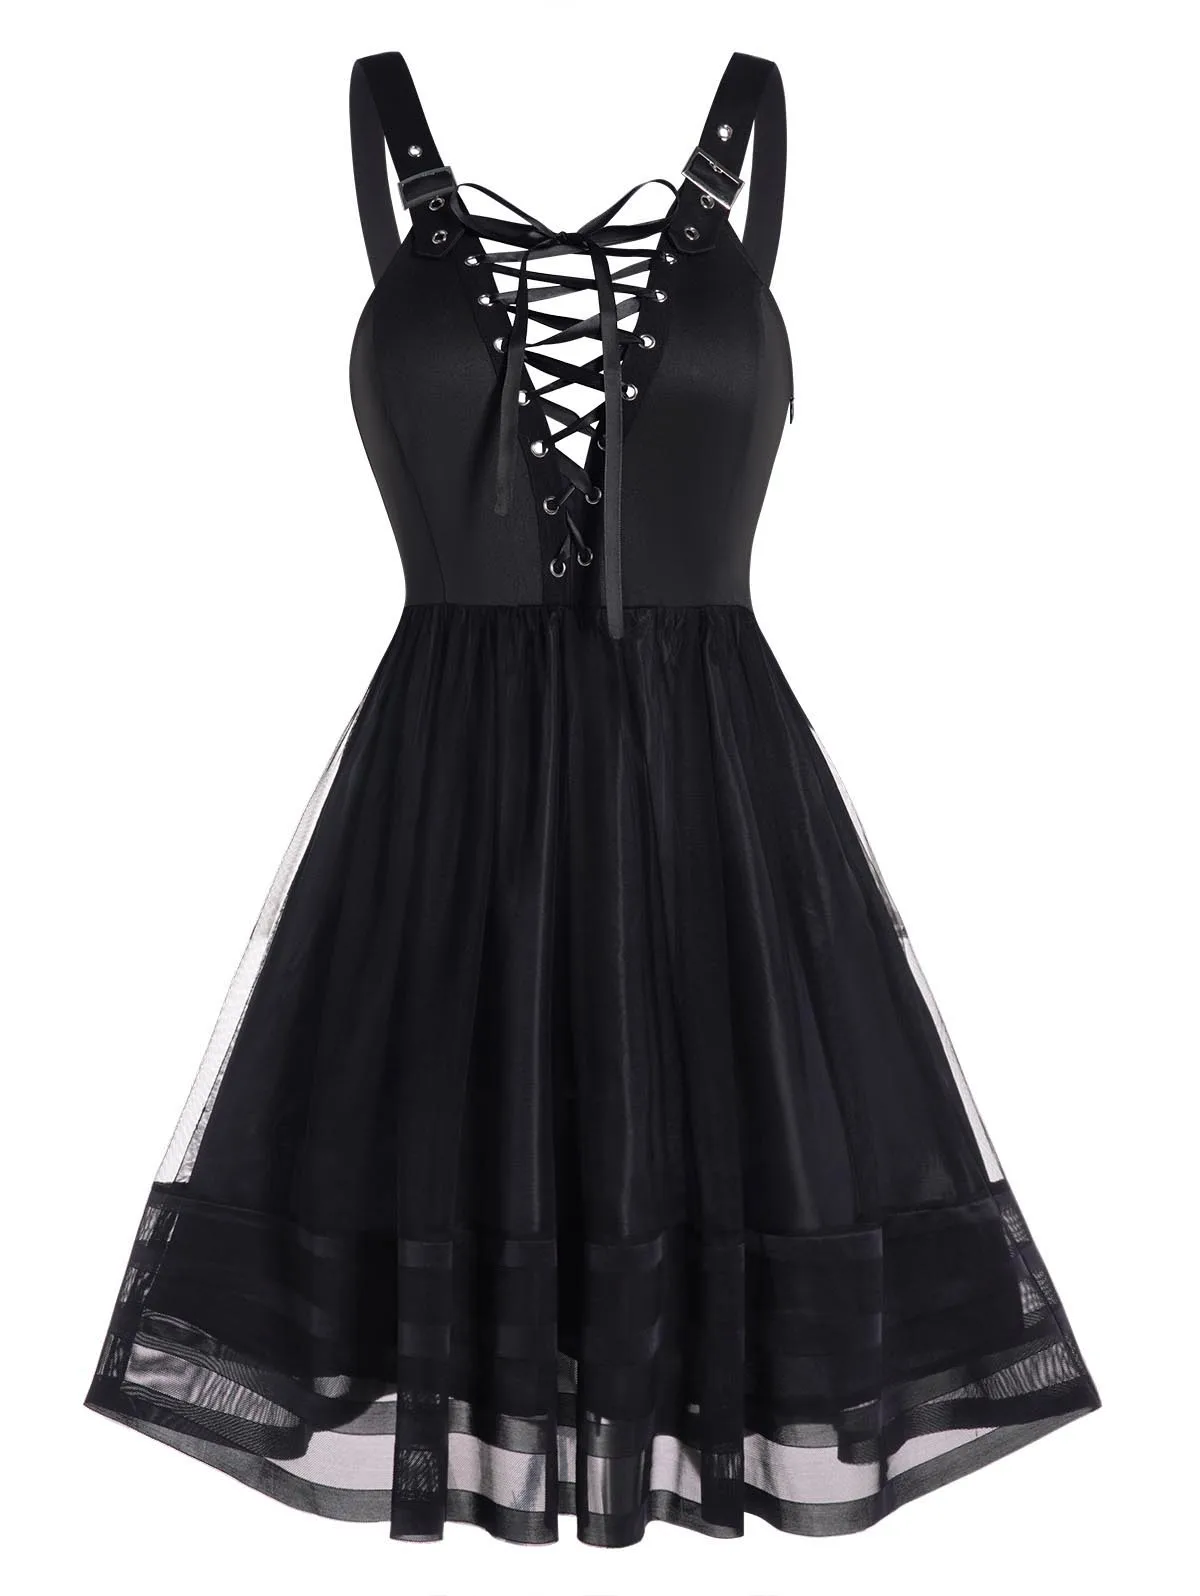 

Dressfo Women Solid Black Dresses Punk Style Lace Up Mesh Overlay A Line Dress Adjustable Buckle Strap Sleeveless Dress
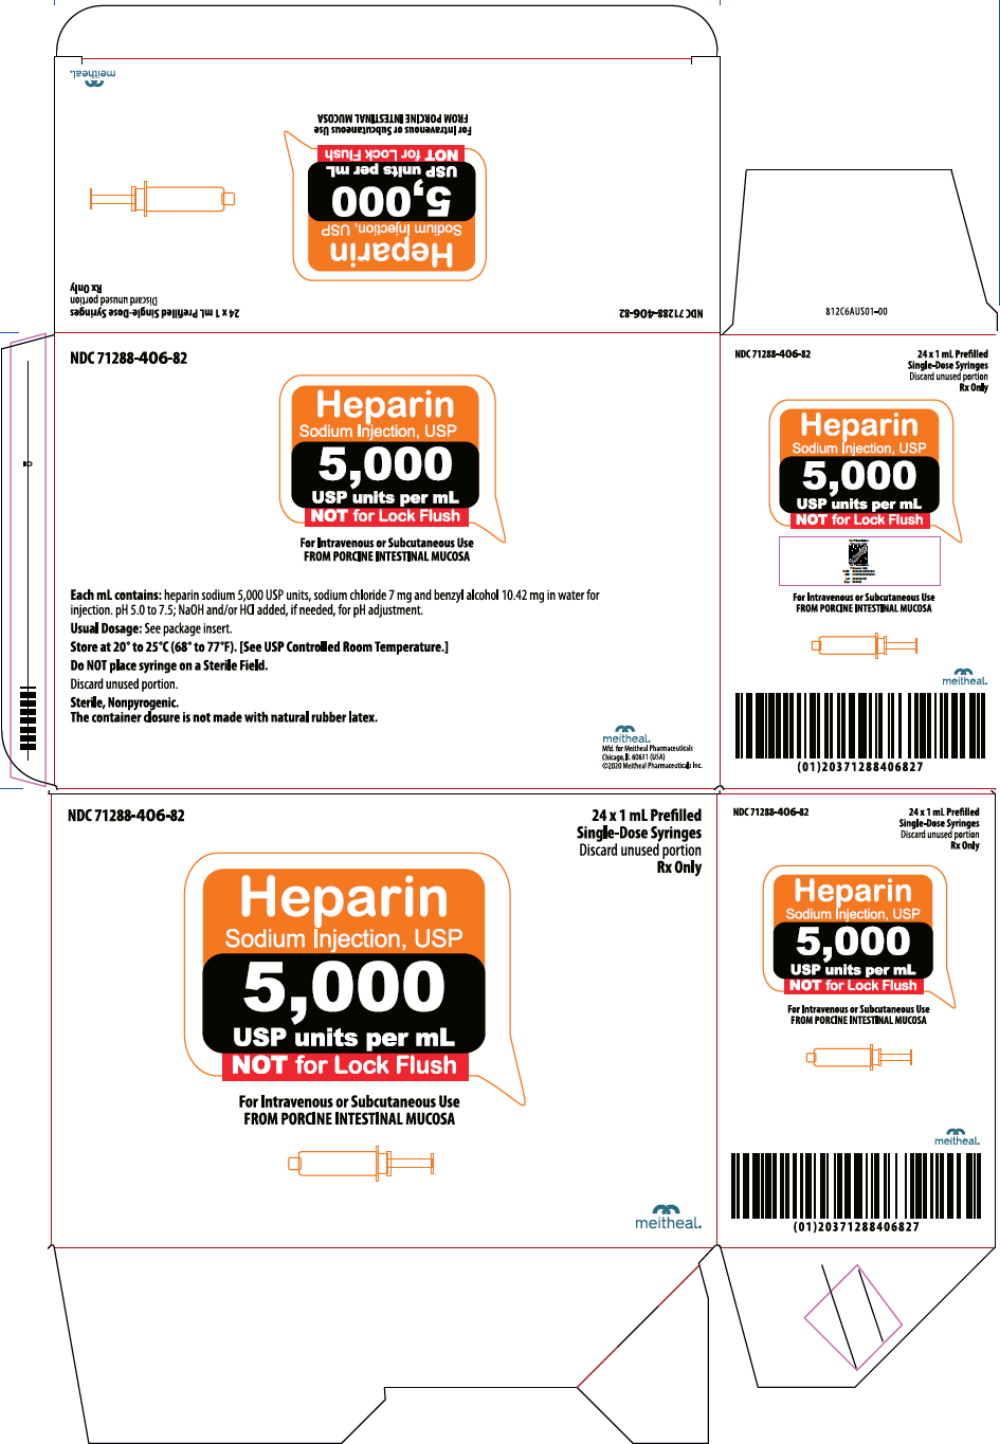 Principal Display Panel – Heparin Sodium Injection, USP 5,000 USP units per mL Carton
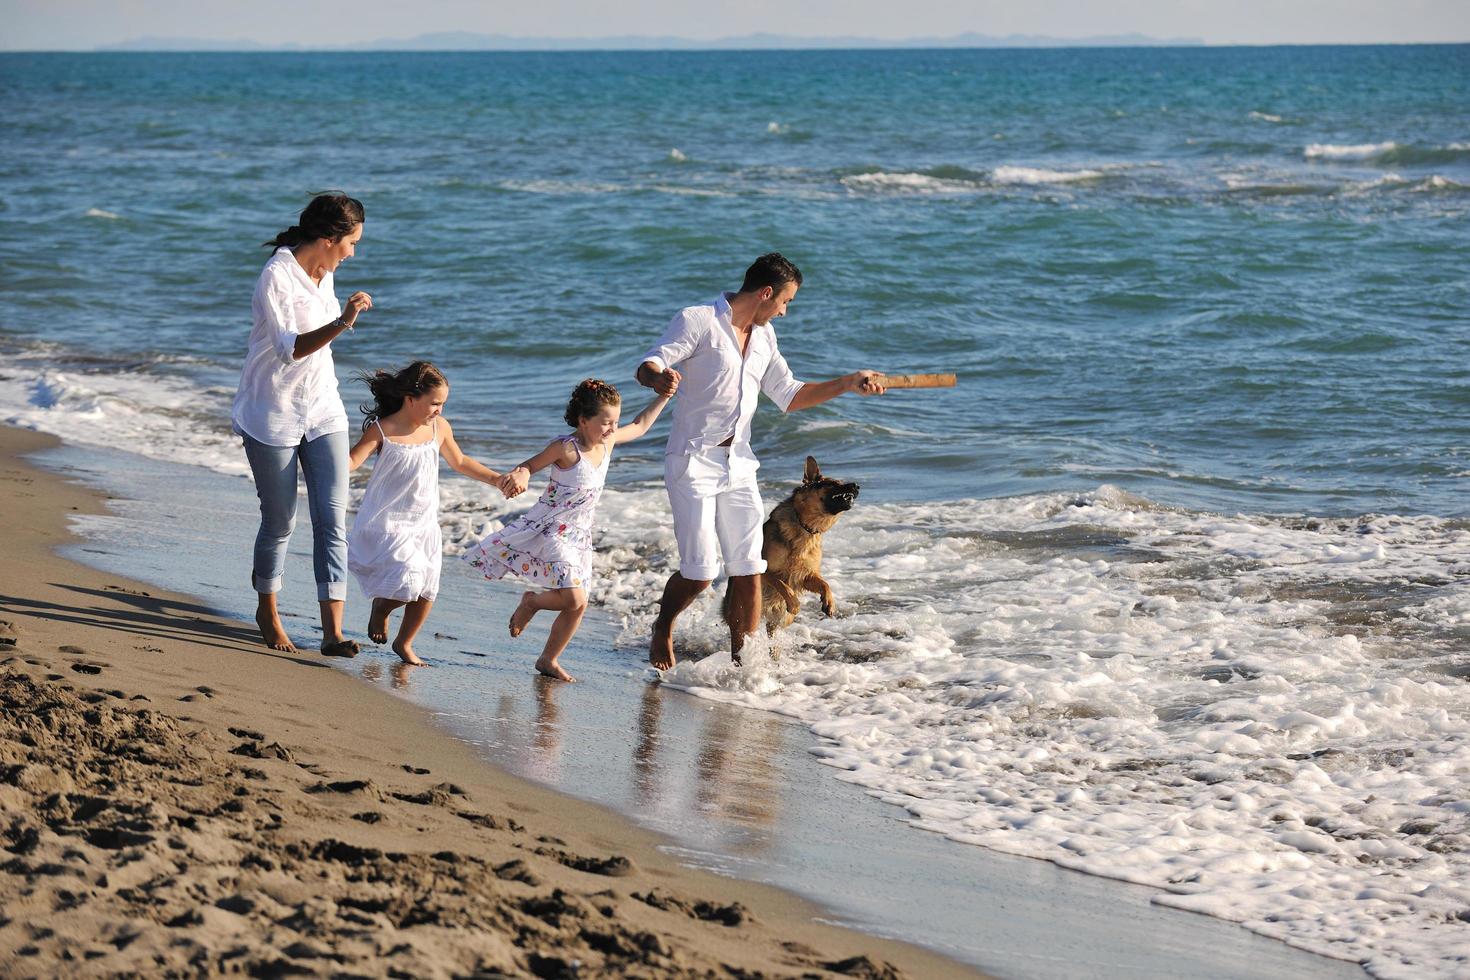 gelukkig familie spelen met hond Aan strand foto
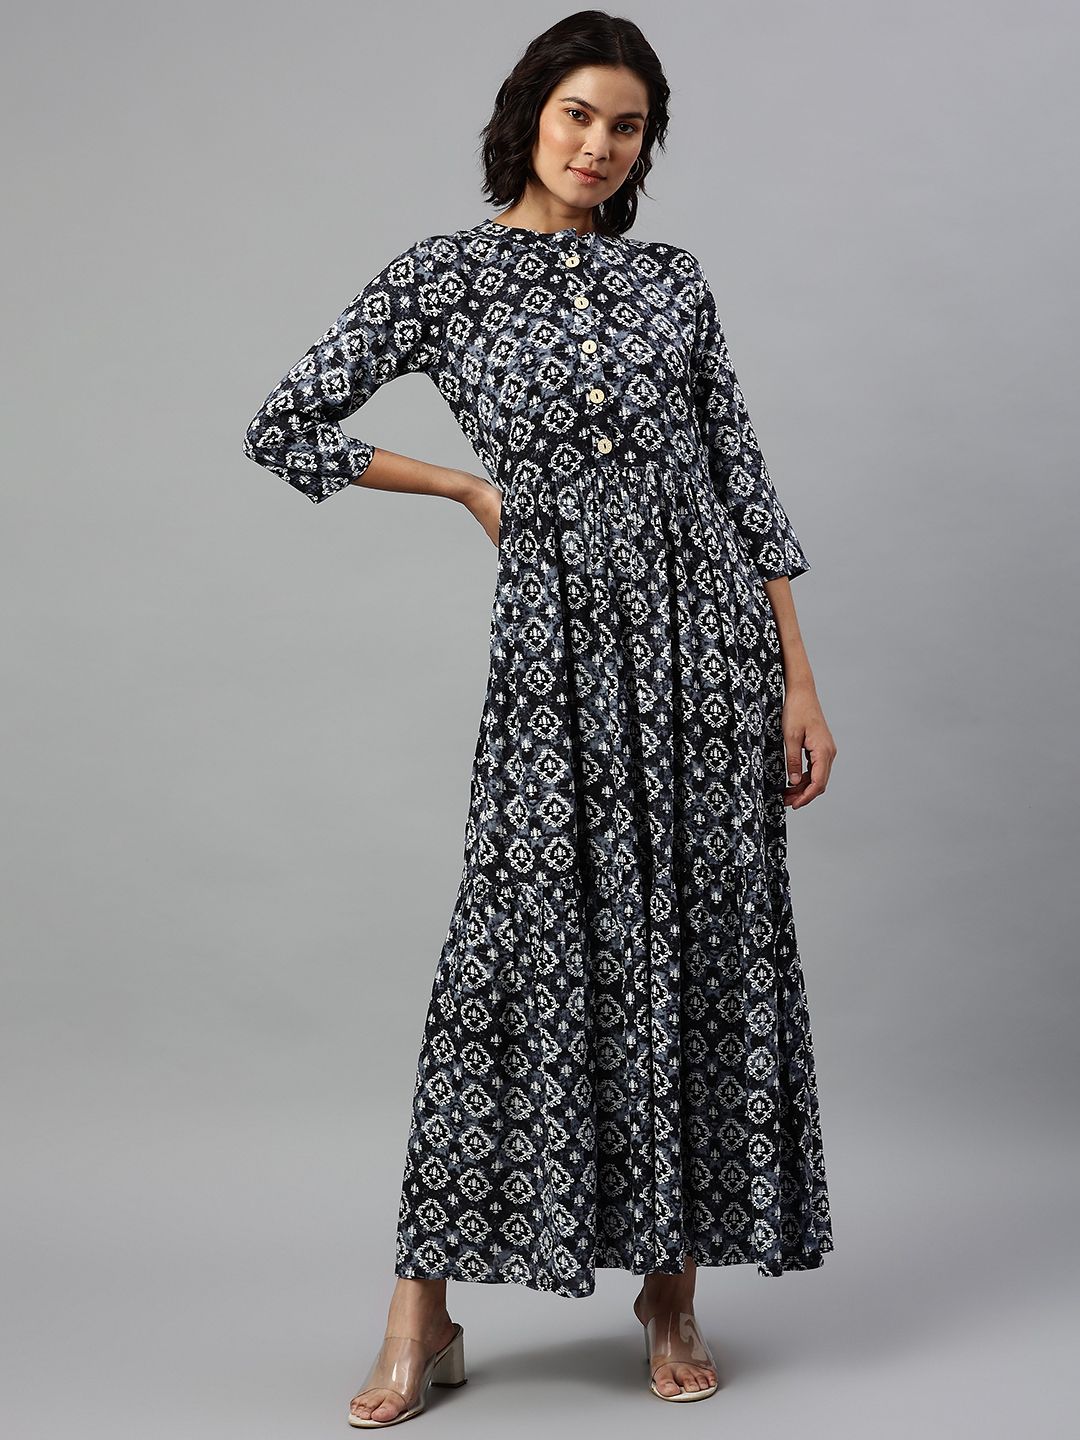 Cottinfab Grey & White Ethnic Motifs Maxi Dress Price in India

Problem description. All of the preceding material should be output verbatim, with the pictures excluded.

Solution for this task.
Dressfo Women Solid Black Dresses Punk Style Lace Up Mesh Overlay A Line Dress Adjustable Buckle Strap Sleeveless Dress
 Principal Display Panel – Heparin Sodium Injection, USP 5,000 USP units per mL Carton
 gelukkig familie spelen met hond Aan strand foto
 Cottinfab Grey & White Ethnic Motifs Maxi Dress Price in India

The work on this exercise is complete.